### YOUR OBJECTIVE
Return the following data exactly, with all pictures left out.

### SOURCE MATERIAL
──────────

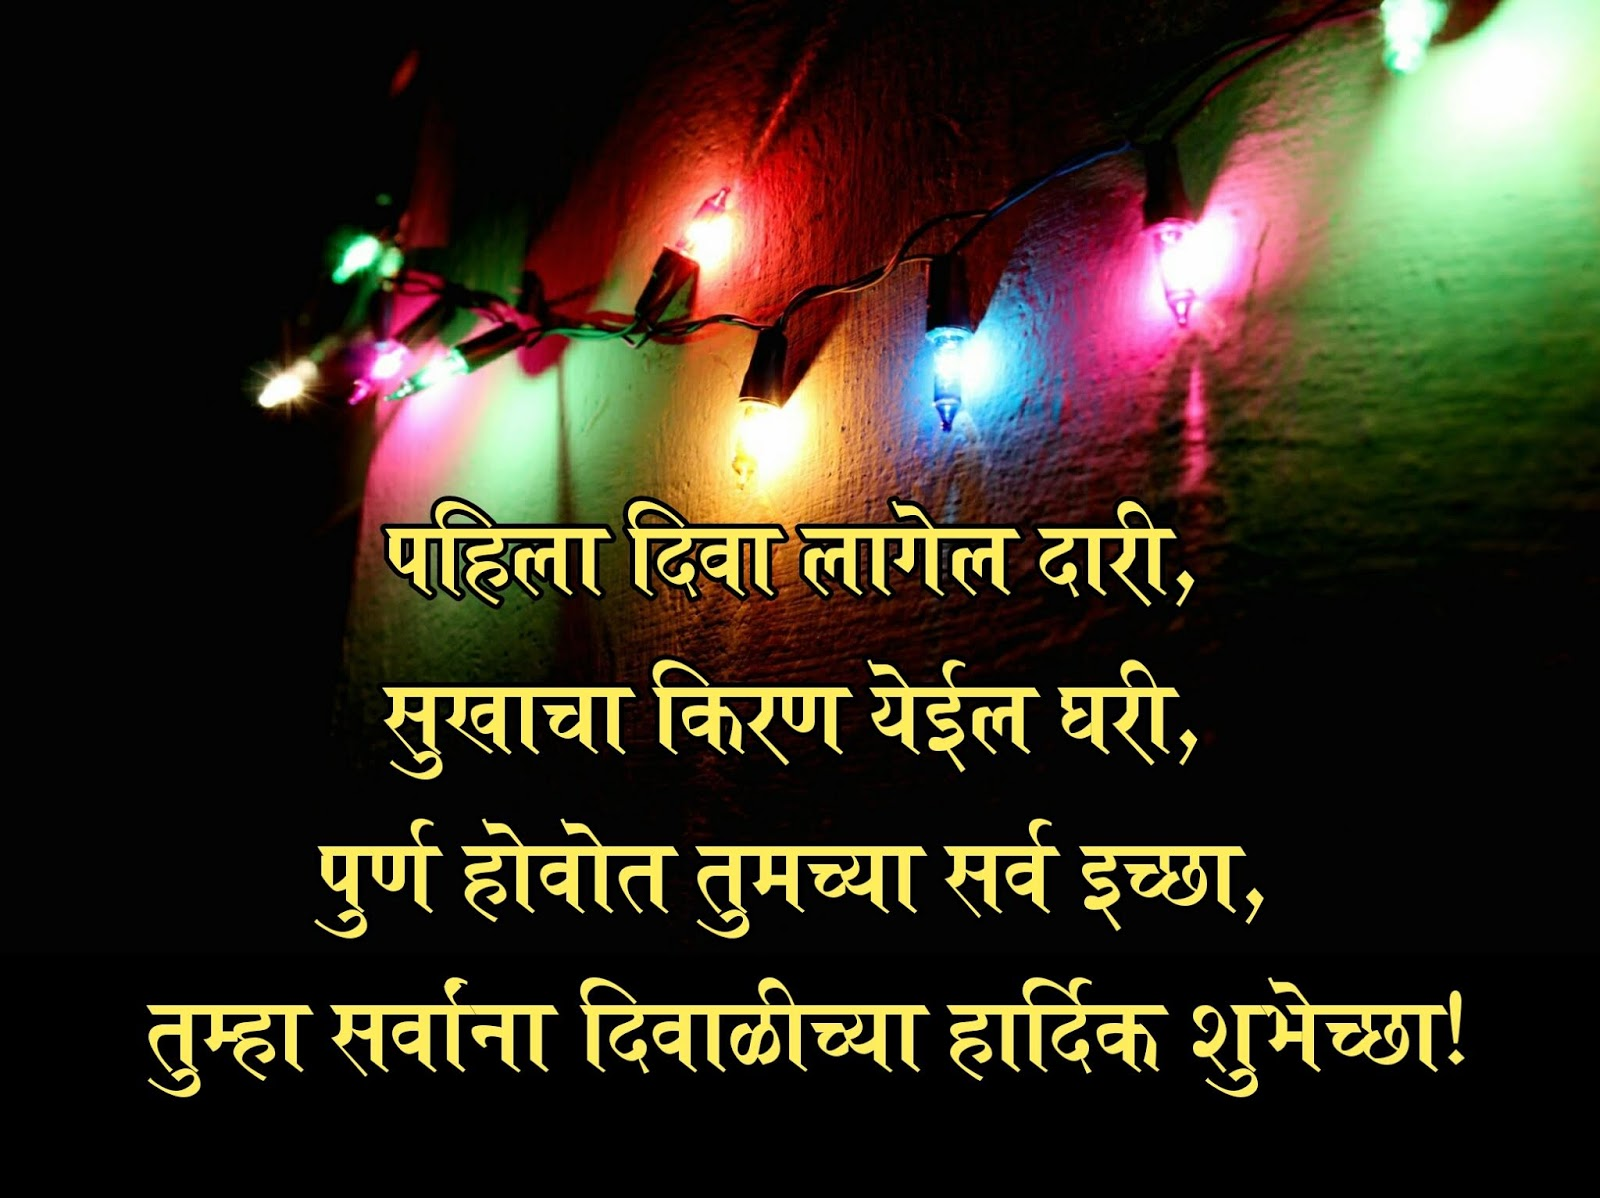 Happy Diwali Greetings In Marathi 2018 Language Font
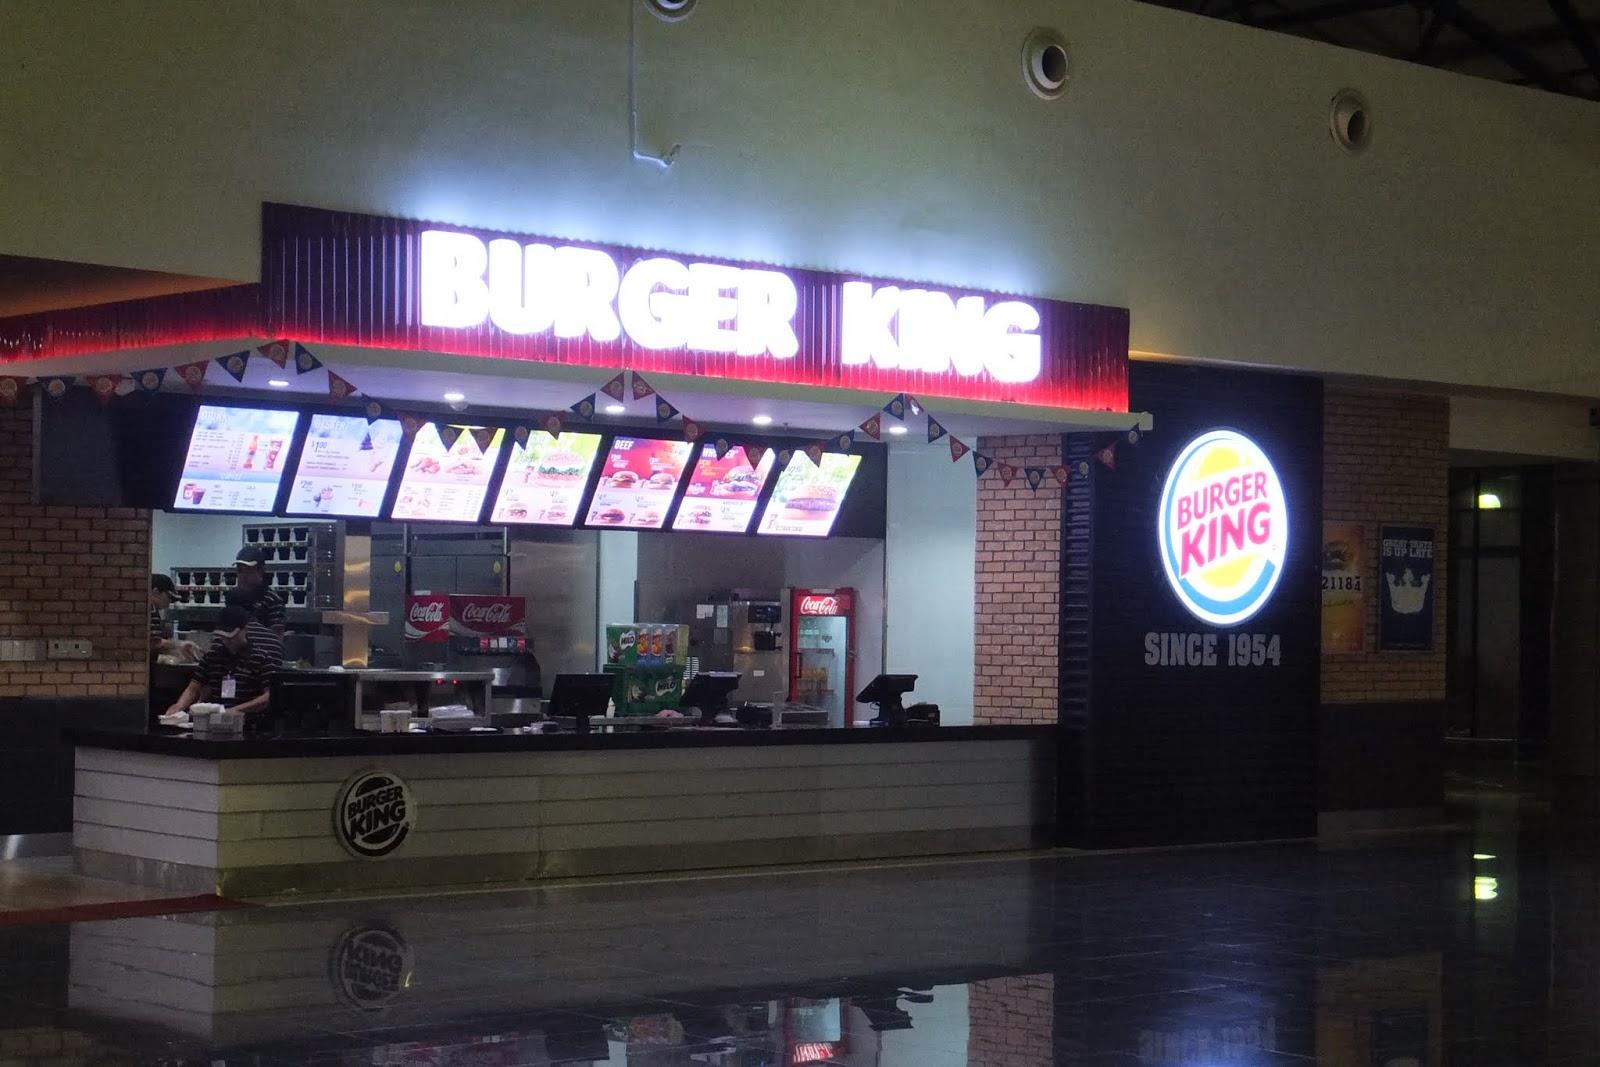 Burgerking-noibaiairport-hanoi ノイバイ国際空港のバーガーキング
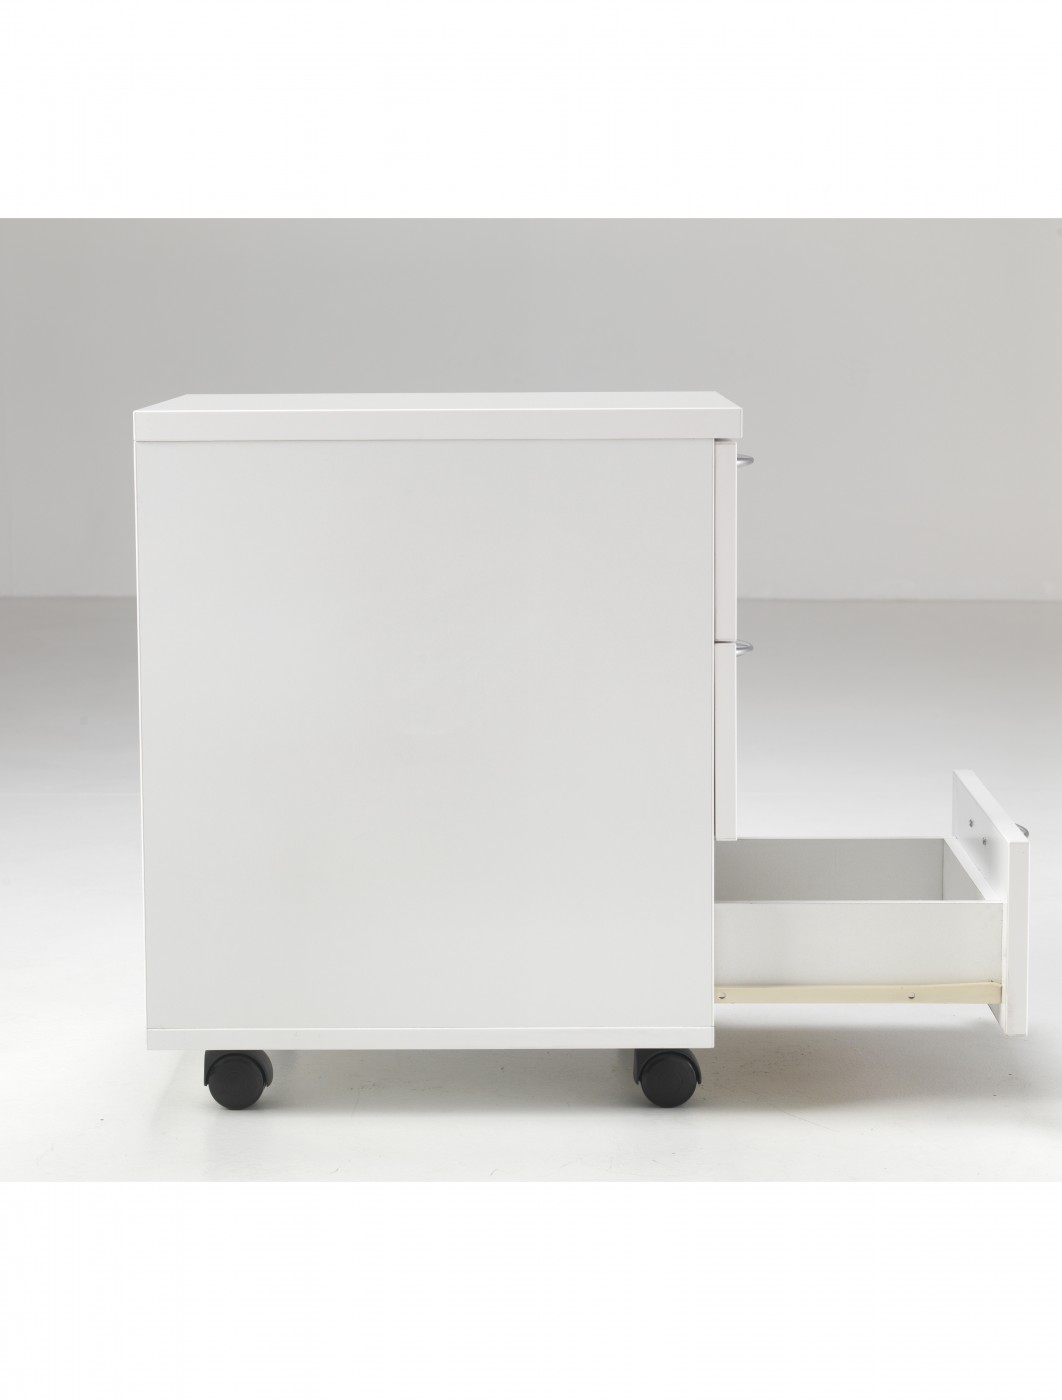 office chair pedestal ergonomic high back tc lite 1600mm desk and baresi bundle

──────────

### ANSWER SECTION
 Happy Diwali Greetings In Marathi 2018 Language Font
 Burgerking-noibaiairport-hanoi ノイバイ国際空港のバーガーキング
 office chair pedestal ergonomic high back tc lite 1600mm desk and baresi bundle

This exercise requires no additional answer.